**Work instruction**
Copy out the data exactly, leaving the pictures behind.

**Information provided**
● ● ● ● ● ● ●

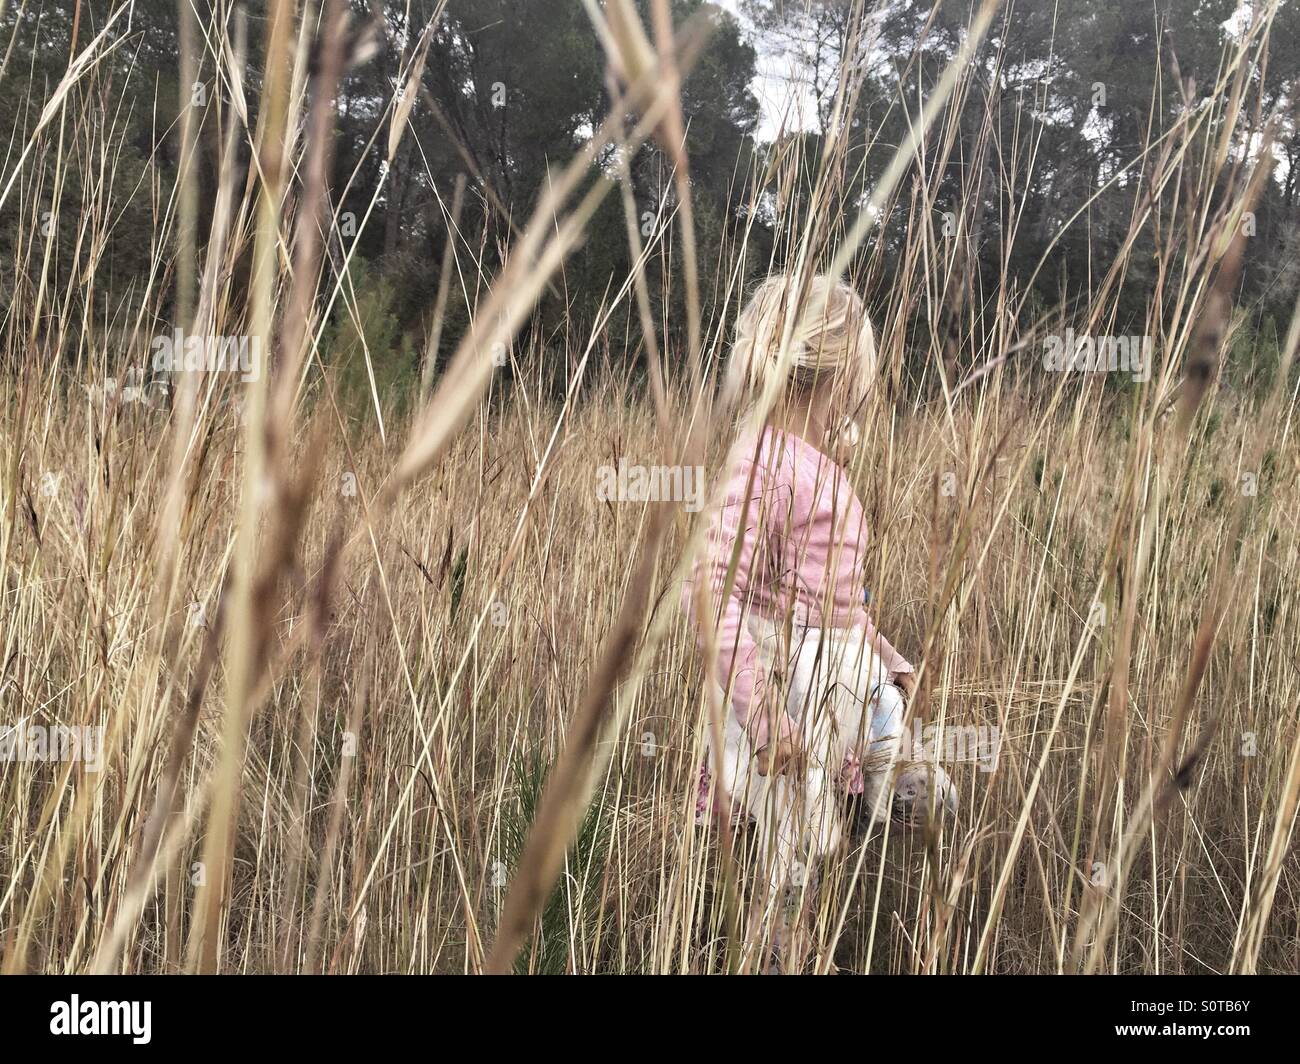 Girl walking in a field Stock Photo
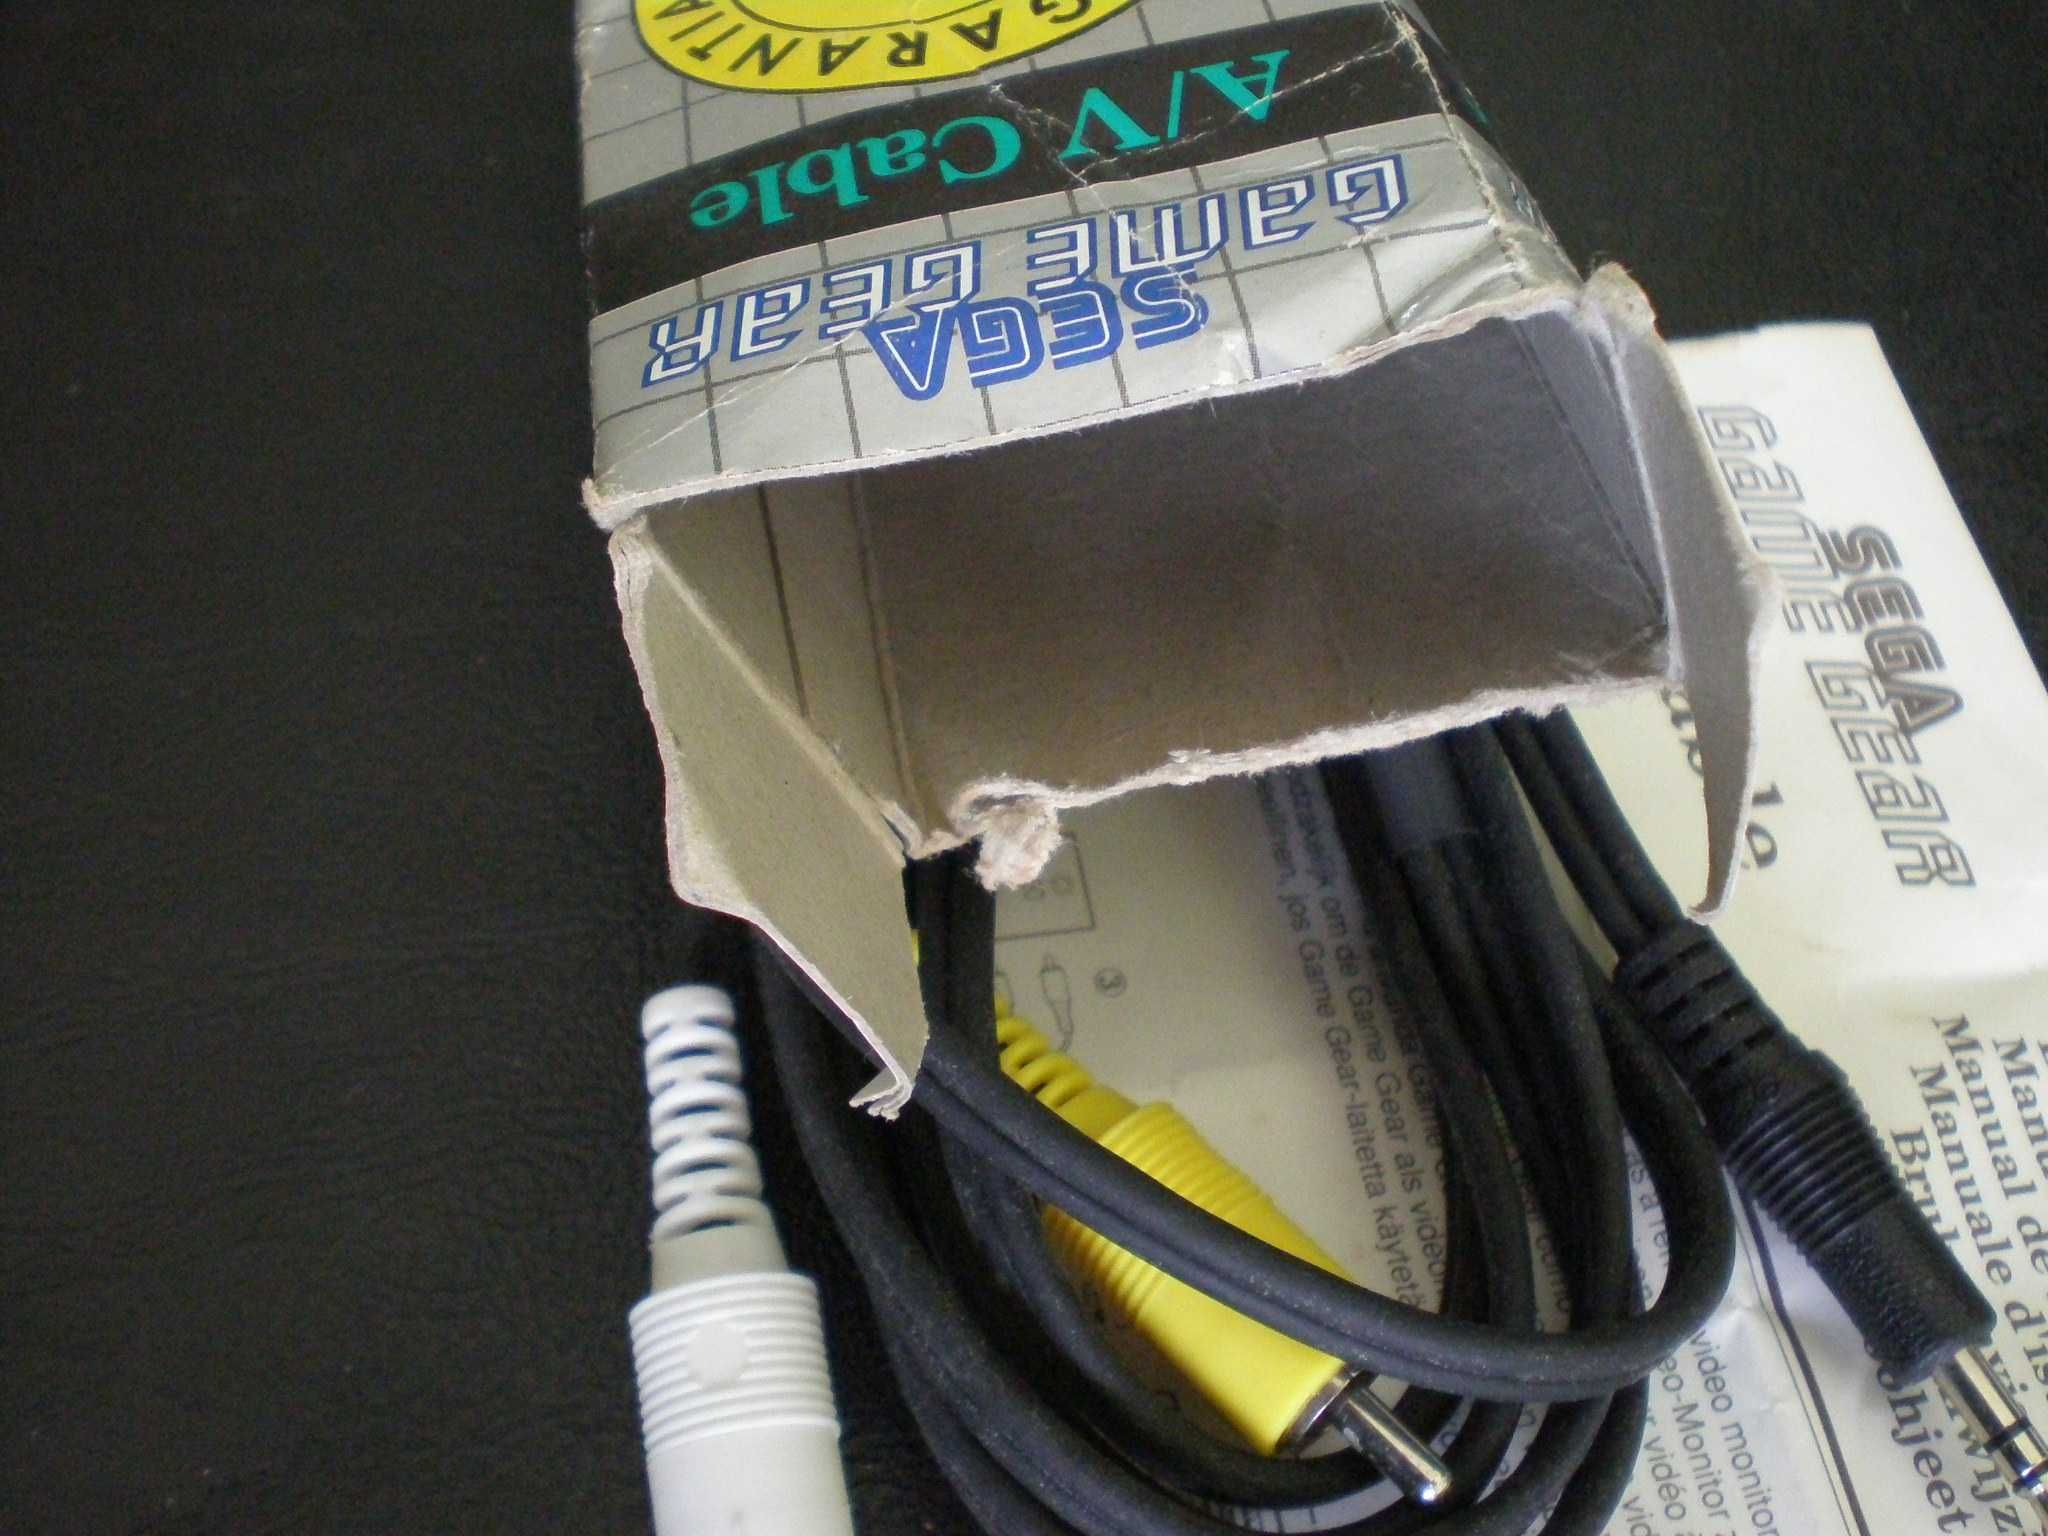 Sega GameGear - AV Cable
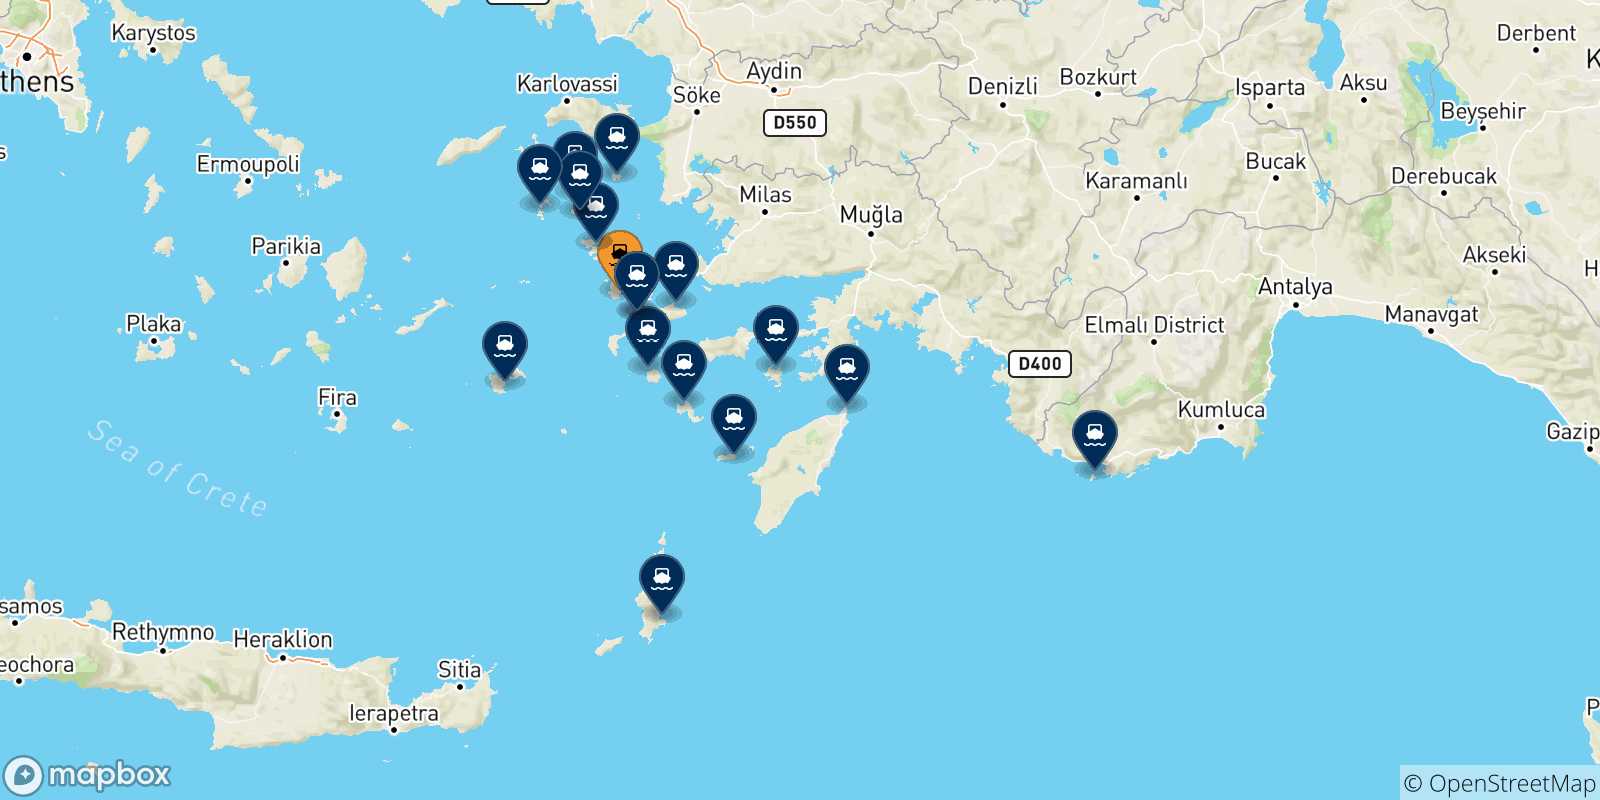 Mappa delle possibili rotte tra Kalymnos e le Isole Dodecaneso

● ● ● ● ● ● ●

**Response area**
 Girl walking in a field Stock Photo
 Sega GameGear - AV Cable
 Mappa delle possibili rotte tra Kalymnos e le Isole Dodecaneso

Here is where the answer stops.